As part of this program, the kids have to do a project in which they have to identify a need in the world, and come up with a solution to fill that need. They research, design and create a presentation. But before they present, they have to share their ideas with others. And that can be tricky for a bunch of elementary schoolers.

So I was trying to help them.

“Let’s just brainstorm some ideas,” I said, holding the dry-erase marker for the white board. “What are some ways that we can share our ideas with other people?”

Now let me back up: these kids? They all go to a Classical Education charter school. They all excel in their rigorous curriculum, speak Latin, stand up when called on, and pat their heads when they know something instead of blurting out. They wear uniforms and can name at least six Byzantine emperors and can tell you the long-term effects from the Mongol invasion on European culture. They are adorable, adorable nerds. And they read. All the time. When they asked me who I voted for and I looked at them, all seriousness, and said, “Lord Voldemort,” they nearly peed themselves laughing.

“YOU DID NOT,” they wheezed. Then they paused. Looked at me seriously. “Wait. Did you?”

These are bookwormy kids. They eat books for breakfast.

So, I’m talking to these kids.

“How can we share our ideas? Your ideas are GOOD. You can bring those ideas to other people and talk about them. But how will you do it?”

One kid raised her hand. “Well?” she said. “We could? You know? Build a website? And put it on the Web?”

“Good idea,” I said. “But what’s the problem with the web? How many websites are there?”

“Bijillions,” one boy said.

“That sounds about right,” I said. “So how are you going to get your particular information to the particular people who might benefit from it? Or who might give you more ideas?”

A boy raised his hand, “We could make a committee!”

Another girl raised her hand. “My mom likes Tumblr. We could put it on Tumblr.”

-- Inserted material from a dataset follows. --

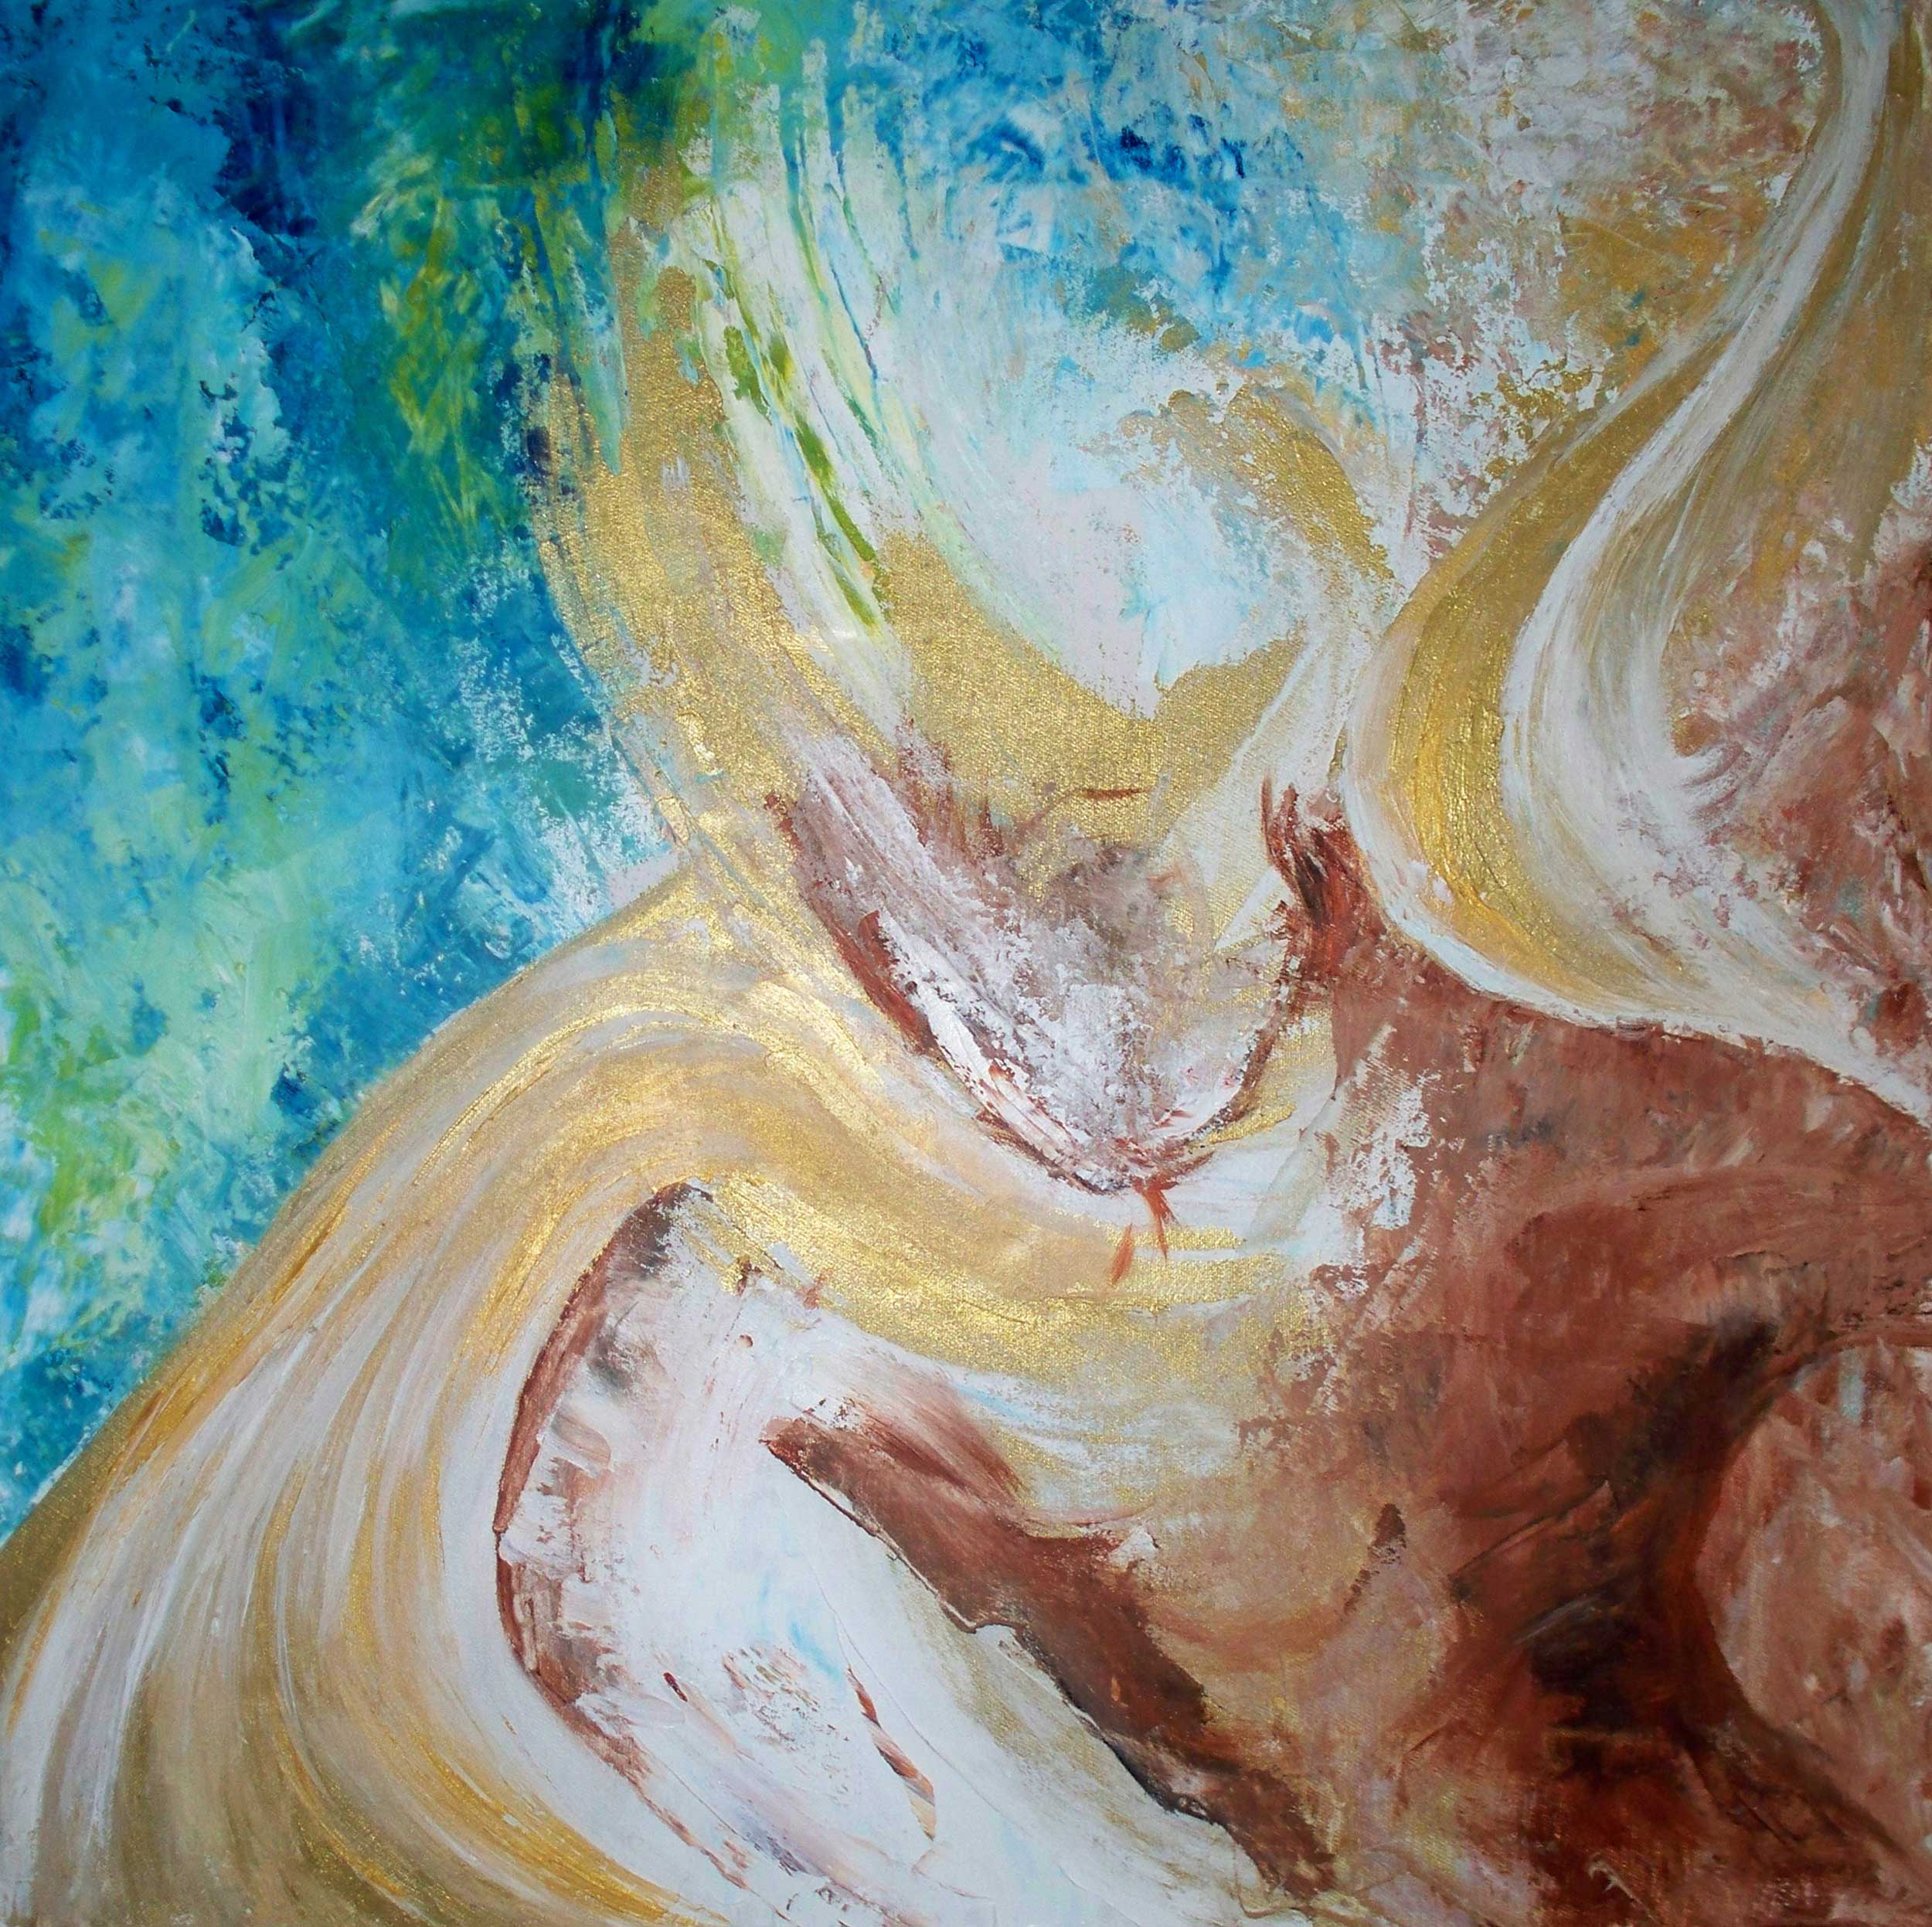 Into your arms - Rima Meyendorf
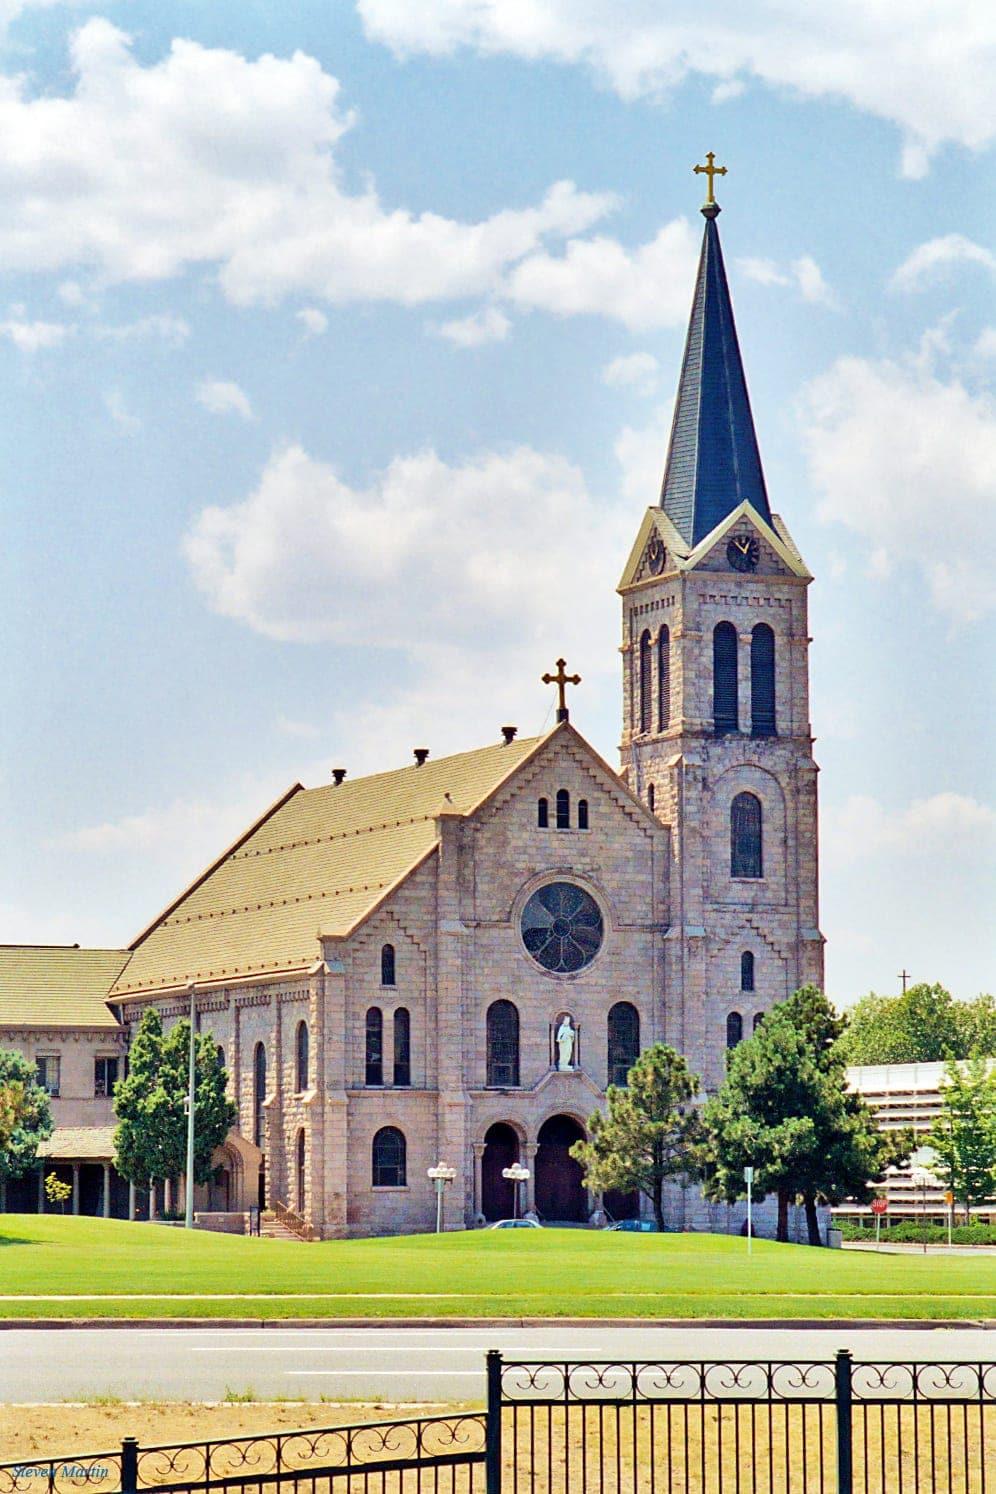 St. Elizabeth of Hungary Church

And another girl: “We could present it to our families and get ideas and then present to other people’s families.”

And then a boy started jumping up and down. His hand was outstretched so high it nearly pierced the ceiling.

“Oh!” He gasped, bouncing up and down in his seat. “Oh!”

So I called on him. He stood up.

“I got it,” he said. “We make a brochure. And then we strap it to one million owls and send them out around the nation!”

He beamed.

“I see,” I said.

“It’ll be perfect.”

“Owl post. That’s your solution?”

“Well,” he said. “You want your idea to be memorable. And how much more memorable can you get than you’re biggest dream finally coming true.”

And the thing is? He’s right. I have dreams about messages coming via Owl Post. I dream it all the time. And so do these kids. And I’m guessing, so do you. Thanks, Ms. Rowling. You are in our brains forever. My guess is, that was her aim all along.